Records supplied -
• • •
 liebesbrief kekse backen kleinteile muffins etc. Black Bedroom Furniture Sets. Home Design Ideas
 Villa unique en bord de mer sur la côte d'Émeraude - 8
• • •
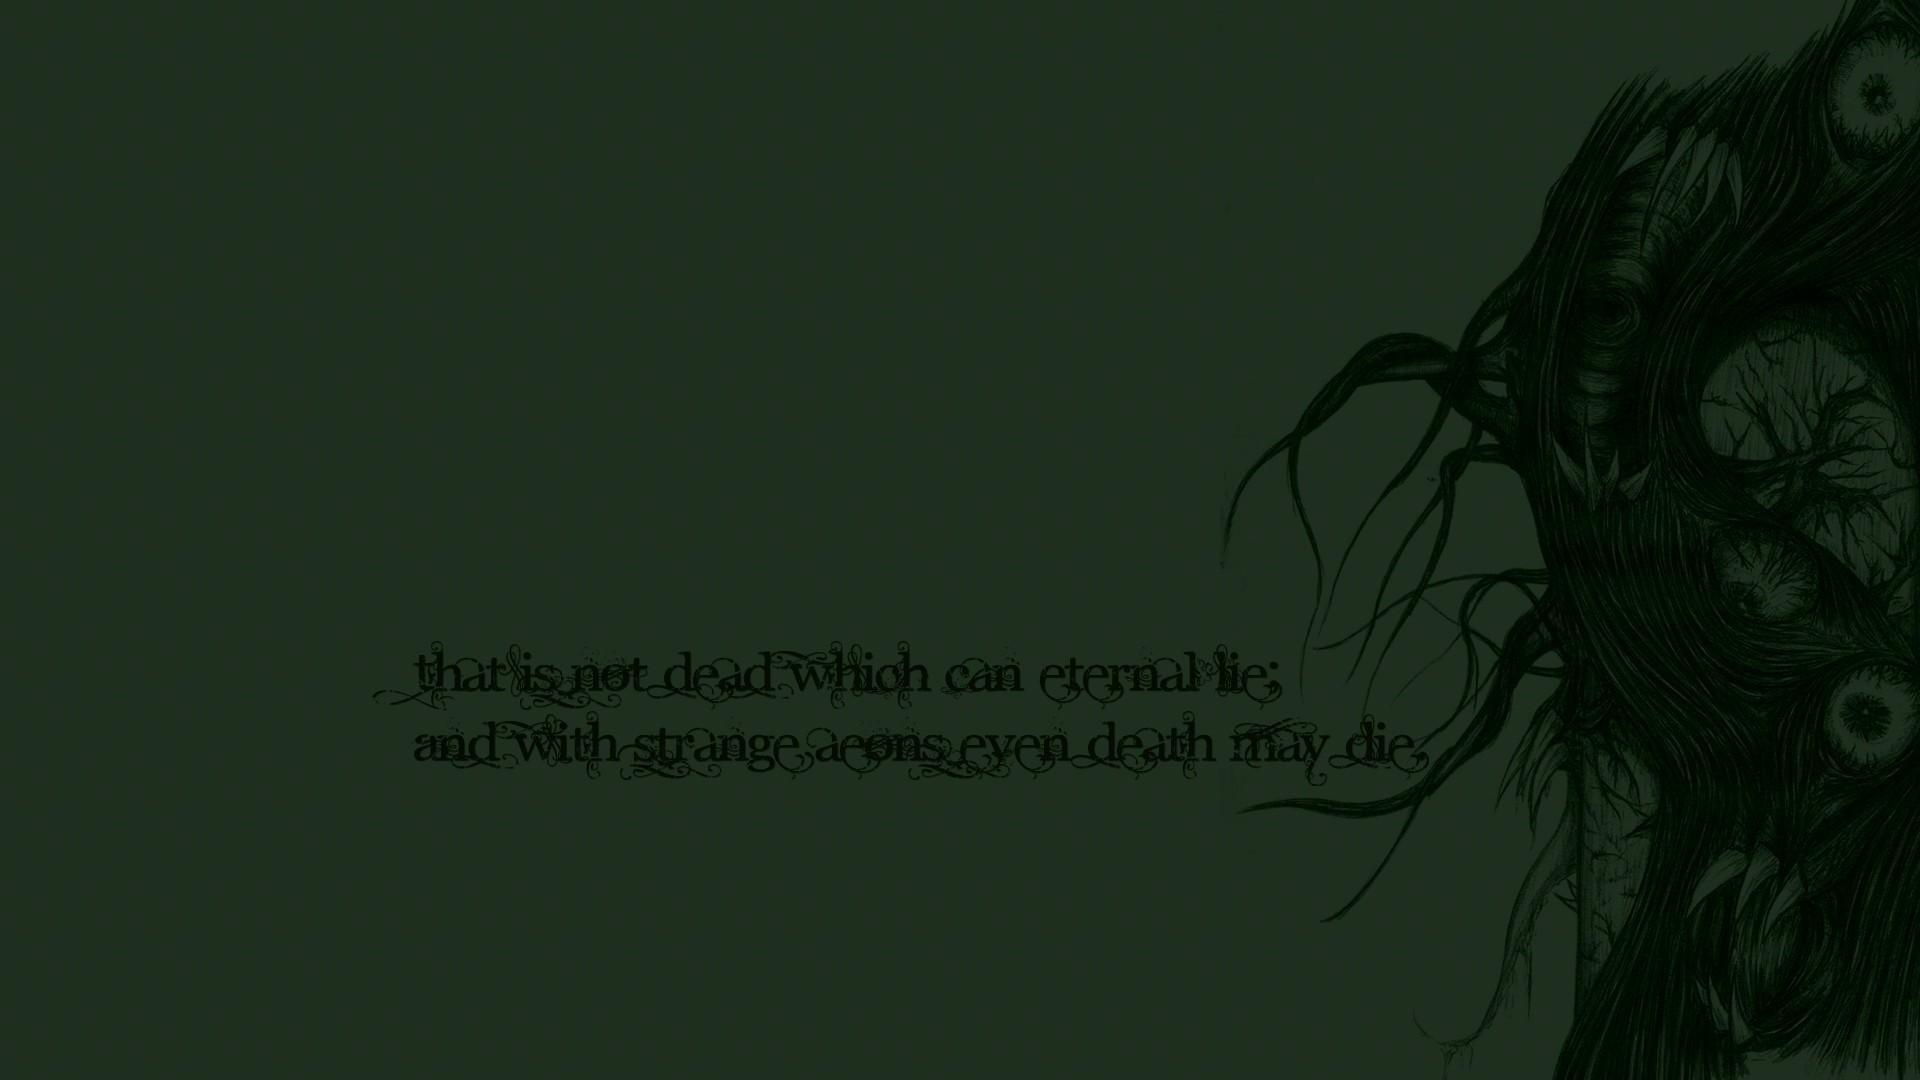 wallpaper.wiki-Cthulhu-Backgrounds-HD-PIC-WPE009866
• • •
The response should hold exactly the lines starting at the line with "liebesbrief kekse backen" and ending at the line with "Villa unique en", and no other line of the material above.

Written solution -
 liebesbrief kekse backen kleinteile muffins etc. Black Bedroom Furniture Sets. Home Design Ideas
 Villa unique en bord de mer sur la côte d'Émeraude - 8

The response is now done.